If I had a nickel for every time I have to push past rarely-worn clothes in my closet…I wouldn’t have very many nickels. And that is by conviction. (That is, by a conviction about not having a cluttered closet, not by conviction about not owning many nickels. I have no conviction against owning nickels.)

In the previous three posts of this clutter buster series, we’ve seen the benefits of decluttering our hearts, minds, and schedules. In this final post, we look at decluttering our movements.

Yes, our movements.

Perhaps you’ve never considered your daily movements as potential clutter. Undoubtedly, some of them are.

The way I see it, every thirty seconds of wasted time accumulates. What time in your day might you regain if you decluttered your life by simplifying your routines?

In search of the waste

All of us have redundant movements we make every day. Or at least regularly.

We make the bed, pull clothes from the closet, feed the dog, pick up our keys, etc.

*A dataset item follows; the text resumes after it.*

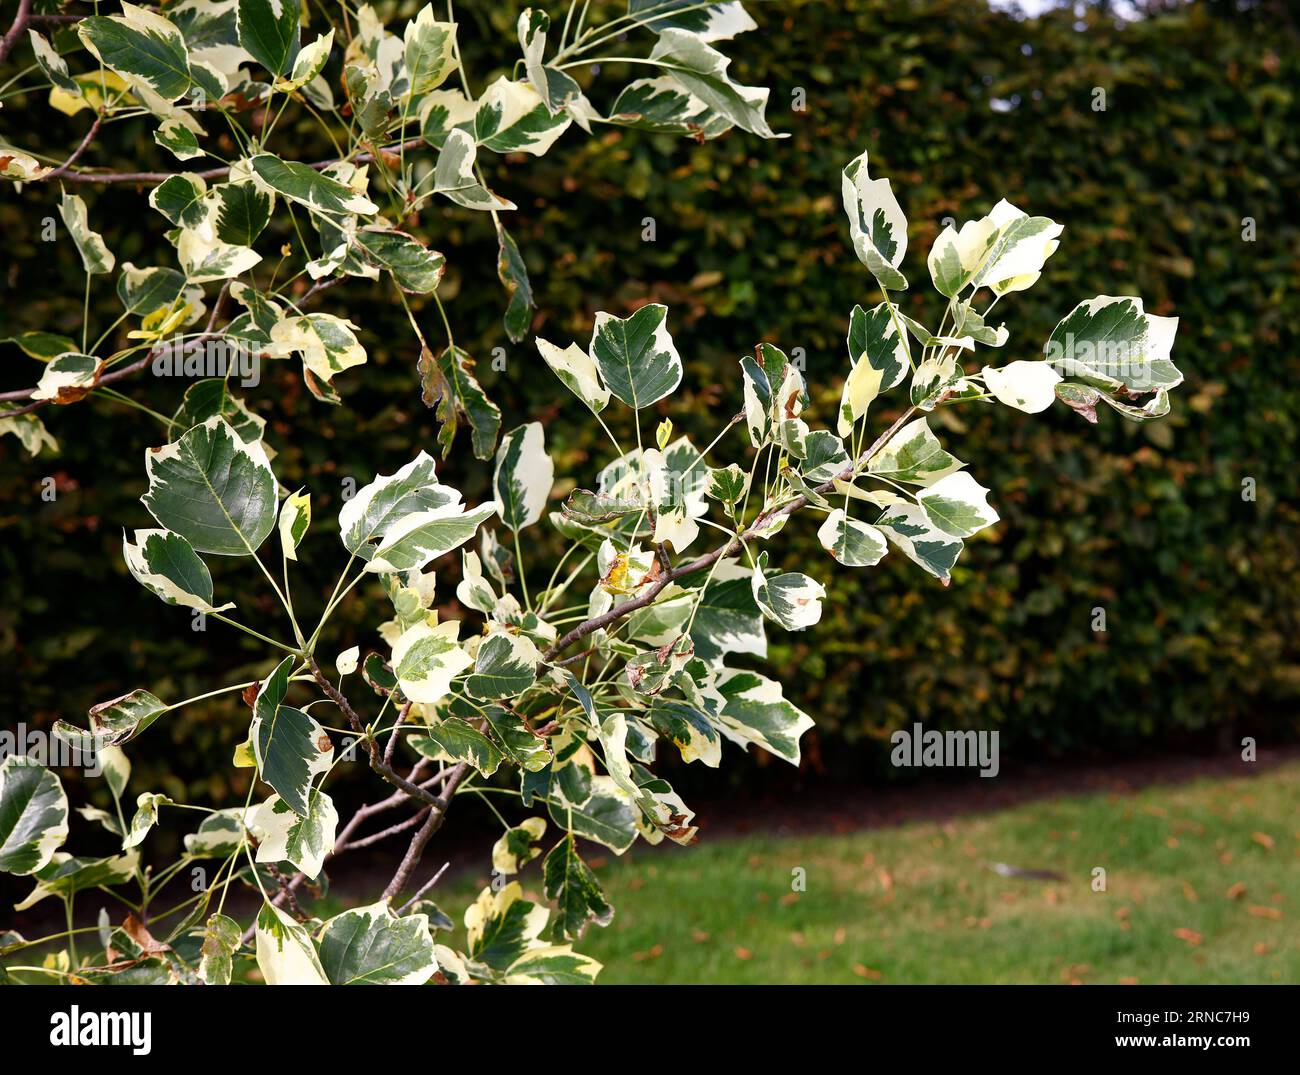 Closeup of the cream and green variegated leaves of the tall growing garden tree liriodendron tulipifera snowbird or Tulip tree. Stock Photo

But what if our daily movements include repeatedly restacking the same papers on our desk? Searching for our missing checkbook? Going through six dry pens in search of a working one? Or stashing cotton balls back in the medicine cabinet every time we open it to pull out a Band-Aid?

Over the course of a year, those wasted moments accumulate. What time might we reclaim if we targeted our unnecessary repetitive actions and streamlined them?

The cost of storage

There is a cost for hoarding stuff, and usually that cost is time. Decluttering your stuff simplifies your movements. Fewer movements saves you wasted time and energy.

Where does physical clutter tend to accumulate for you? Closet? Garage? Desk? Tools? Junk drawer?

Look for the things you do every day that can be decluttered to free your time to get more done.

Operation simplify

There are a few essential skills you must develop to live a clutter-free life:

  • Decision making—Often we allow stuff to hang around just because we don’t know what to do with it. Becoming decisive allows us to immediately deal with emails, mail, books, etc. the first time we touch them.
  • Filing—I refuse to spend significant portions of time shuffling and reshuffling through papers that could have just as easily been filed and then quickly retrieved.
  • Freedom from things—There are a few items in all of our lives that are justified in having sentimental value. But if you have trouble throwing anything away—just because it could maybe be useful some day—then you have a genuine bondage to things!
  • Personal discipline—When it really comes down to it, the baseline of living without clutter is living by your mother’s axiom: “A place for everything and everything in its place.”

So here’s your challenge for today: find one area of your life—physical or electronic—that continually attracts clutter, and declutter that one area. Your day will be fuller because of it. Better yet, tomorrow will be freer.

Decluttering your routines allows you to obey Ephesians 5:16, “Redeeming the time, because the days are evil.”